Poor nutrition. If you’re eating mostly processed, sugary foods instead of healthy foods like fruits, vegetables, lean meats, and whole grains, you are missing out on important vitamins, minerals, and other nutrients that keep your body healthy.

Weight gain. Eating added sugar on a regular basis adds more calories, which will gradually lead to weight gain over time.

High triglycerides. Too much sugar can lead to high triglycerides, or too much fat in your bloodstream, which can increase your risk for heart disease.

Tooth decay. There’s a reason your dentist reminds you to avoid sugary foods and beverages; they increase the likelihood of cavities and other tooth problems.

Hidden Sugars

When reading food labels, if you don’t see sugar listed in the ingredients, you may think that a food is healthy and doesn’t contain added sugar. But think again. Added sugars can go by many other names, which can be hard to identify in an ingredient list unless you know what to look for.

In addition to hidden sugars, food manufacturers are not required to list whether the total sugar content of a food includes added sugars. This makes it really difficult to know how much of the total amount of sugar is coming from added sugar, and how much is from natural ingredients such as milk or fruit.

Food companies have gotten very savvy with hiding sugar in their ingredients list on the packaging. There are more than 56 different names for sugar that can be listed on food labels. Common names that are more recognizable include sucrose or high-fructose corn syrup, but added sugars can be hidden under other names such as dextrose, maltose, or rice syrup, as well as many other lesser-known names.

Limiting Sugar

There are many ways you can reduce the amount of sugar in your diet. Doing so will not only reduce your total calories (and may lead to weight loss), but cutting back on sugary foods will also allow you to eat more nutritious foods that your body needs.

Tips for decreasing sugar in your diet:

Cut out the sugary drinks. Cut out soft drinks, sugary coffee drinks, energy drinks, and sports drinks, and instead, drink more water, or choose low-calorie drinks or low-fat milk.

Eat whole fruits instead of drinking fruit juice. If you do choose fruit juice, make sure it’s 100% juice with no added sugars.
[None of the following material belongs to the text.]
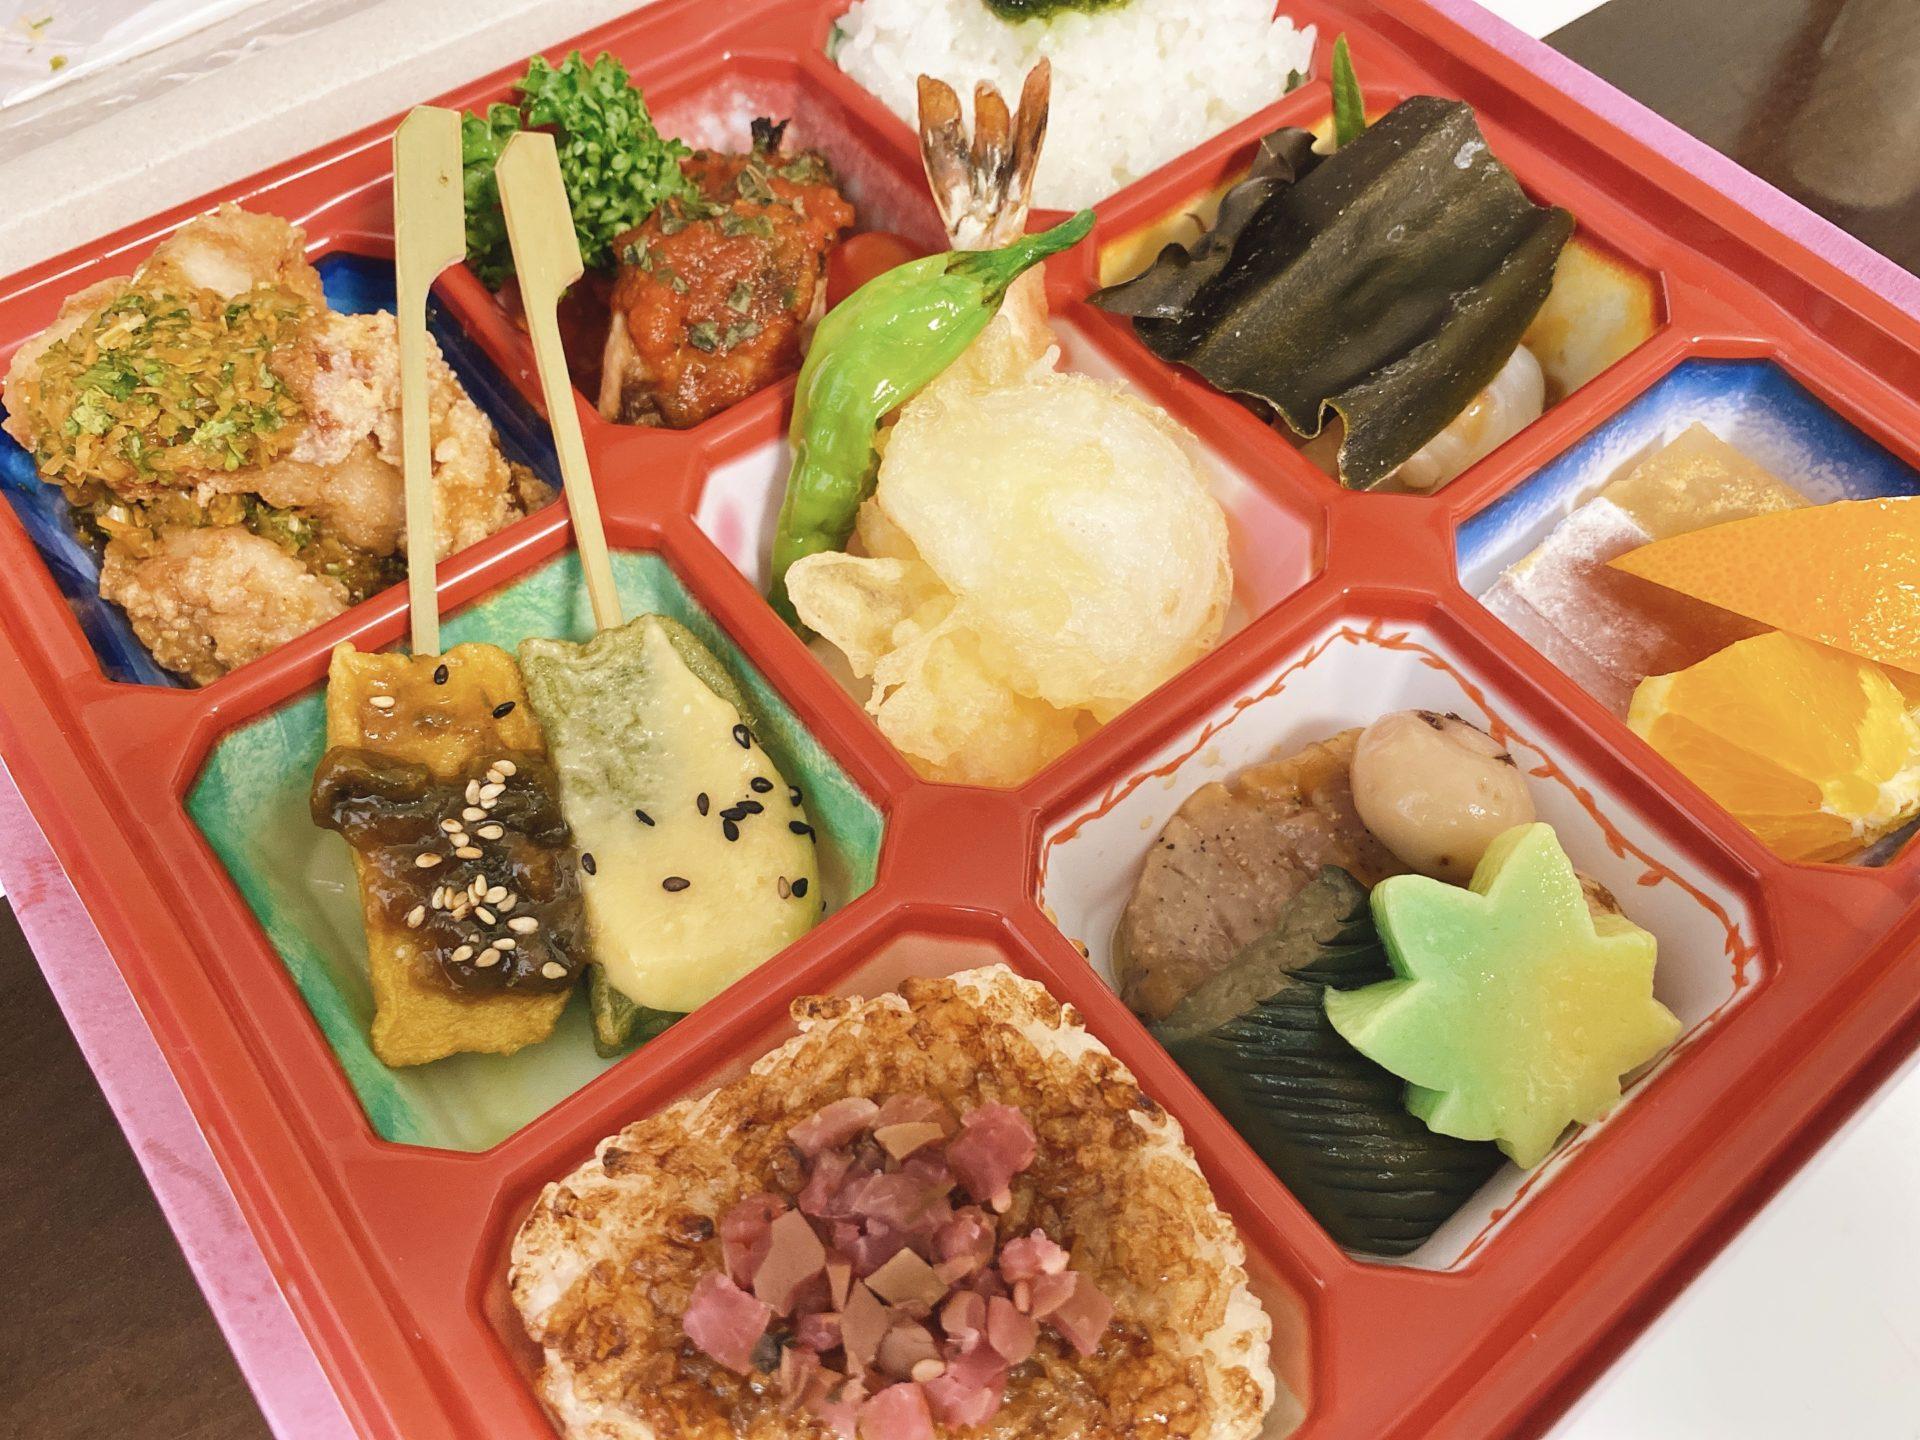 【岡山市北区のテイクアウト】岡大病院東側 創作和食 Gerne essen(ゲァネエッセン)のテイクアウトランチの豪華さと美味しさにノックアウト!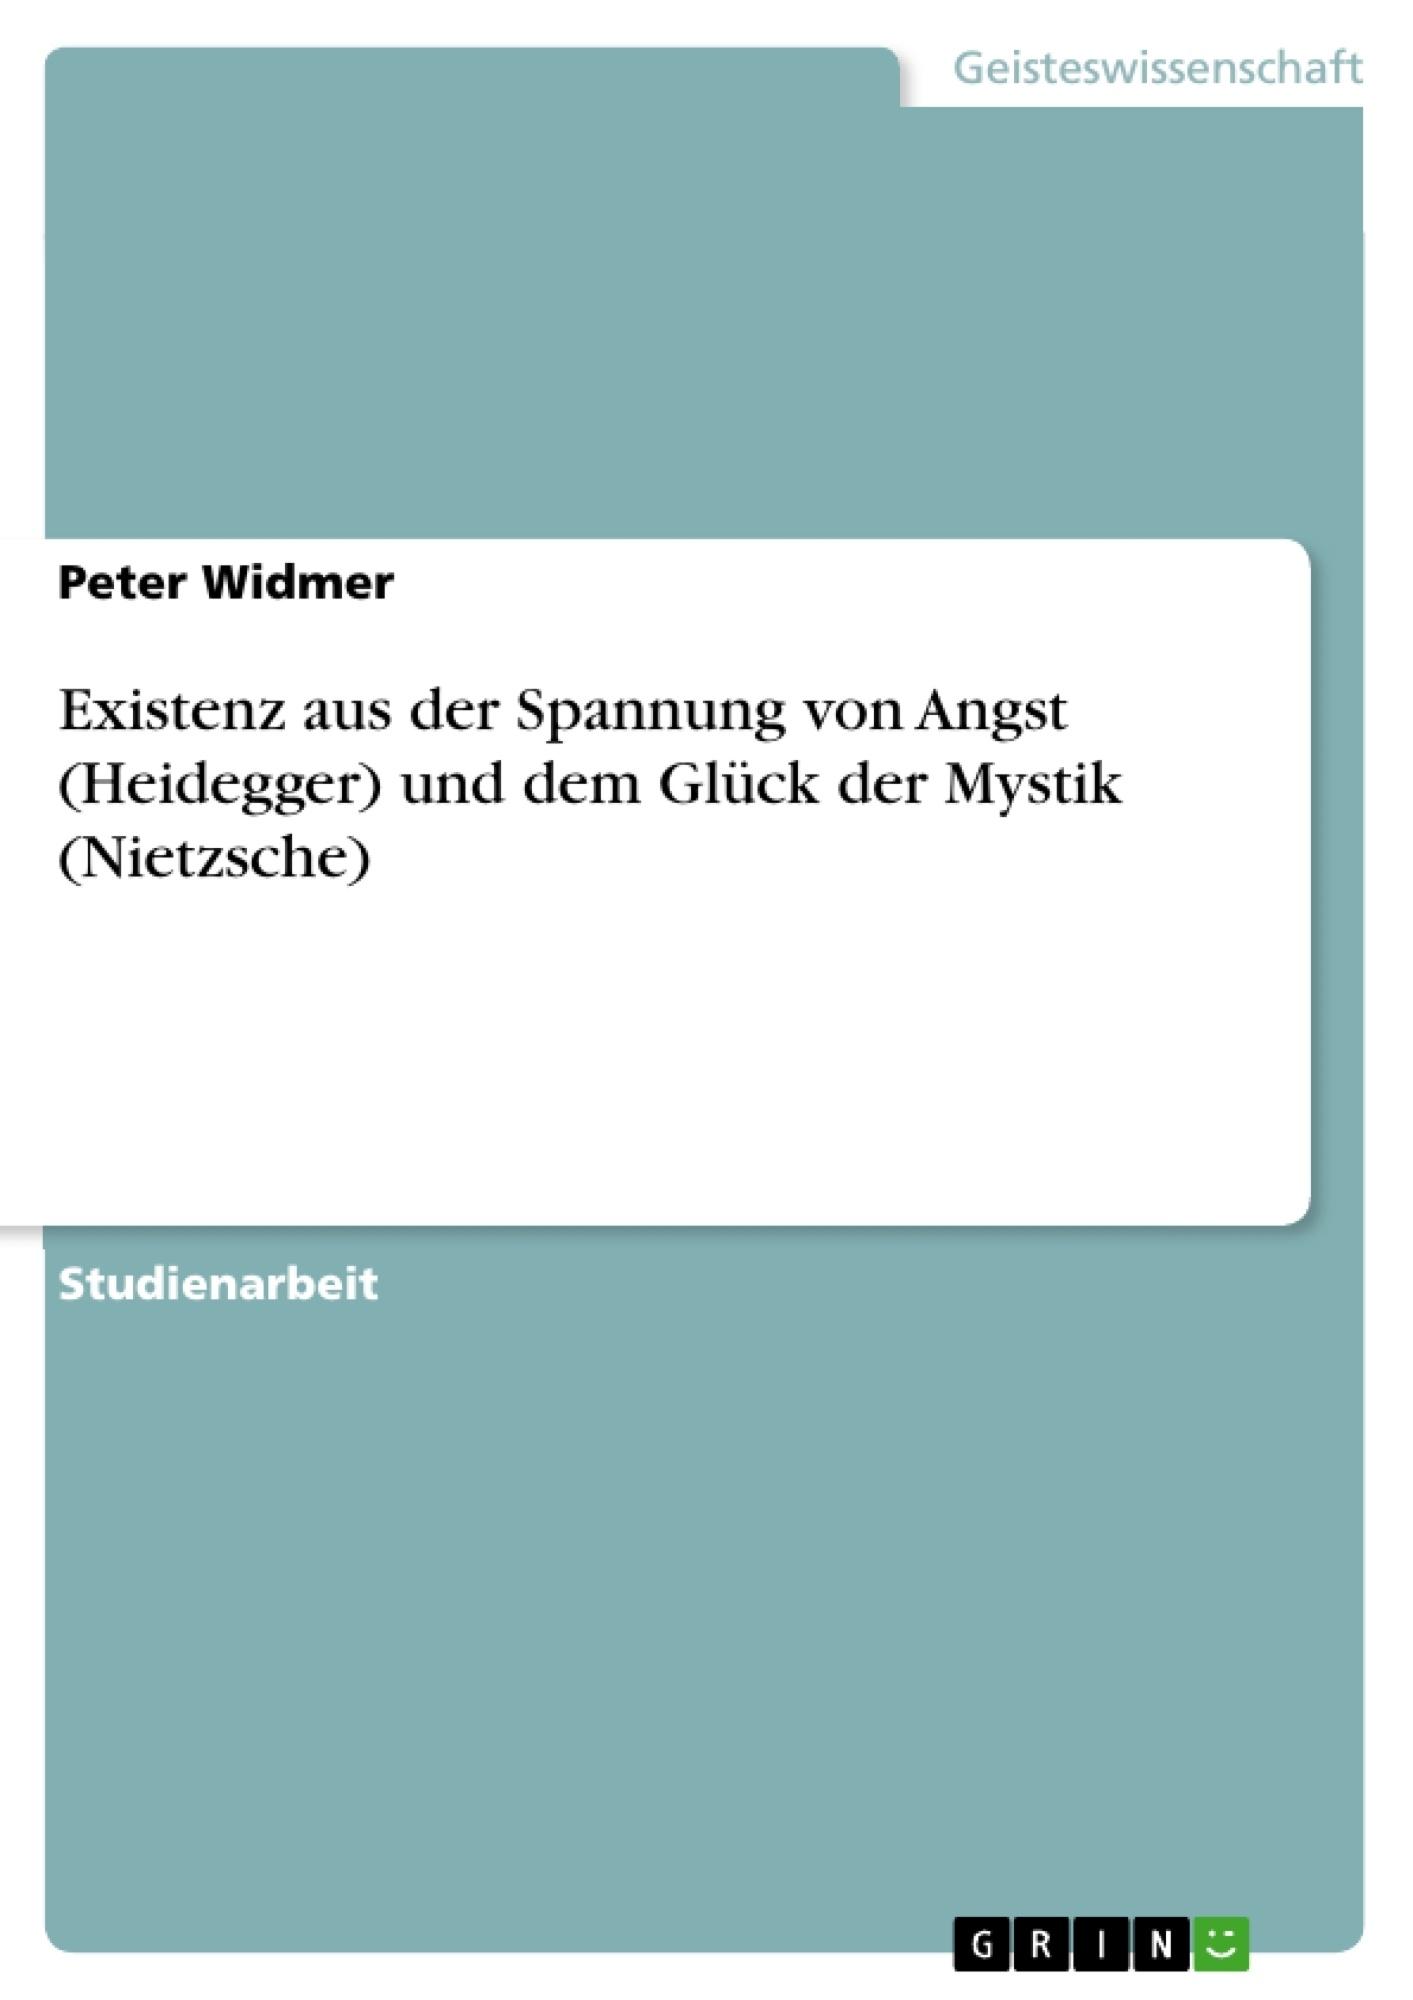 Titel: Existenz aus der Spannung von Angst (Heidegger) und dem Glück der Mystik (Nietzsche)

Skip sugary breakfast cereals. There are plenty of cereals that are low in sugar and healthier for you. Or change up your breakfast routine and opt for low-fat yogurt with fruit, or whole-wheat toast with peanut butter and a banana.

Choose reduced-sugar jellies, jams, and syrups.

Avoid processed and packaged baked goods. Choose fresh fruit for dessert over cookies, cakes, pies, or ice cream. Also be careful of protein bars and granola bars that claim to be healthy—many are just glorified candy bars with the amount of sugar they contain.

Snack smart. Cut out packaged snacks like cookies or chips, and replace them with vegetables, fruits, nuts, low-fat yogurt or cheese, or whole-grain crackers.

Always read food labels! Refer to the list of hidden sugar names, and always read labels when buying packaged foods. Try to limit or avoid foods that contain added sugars.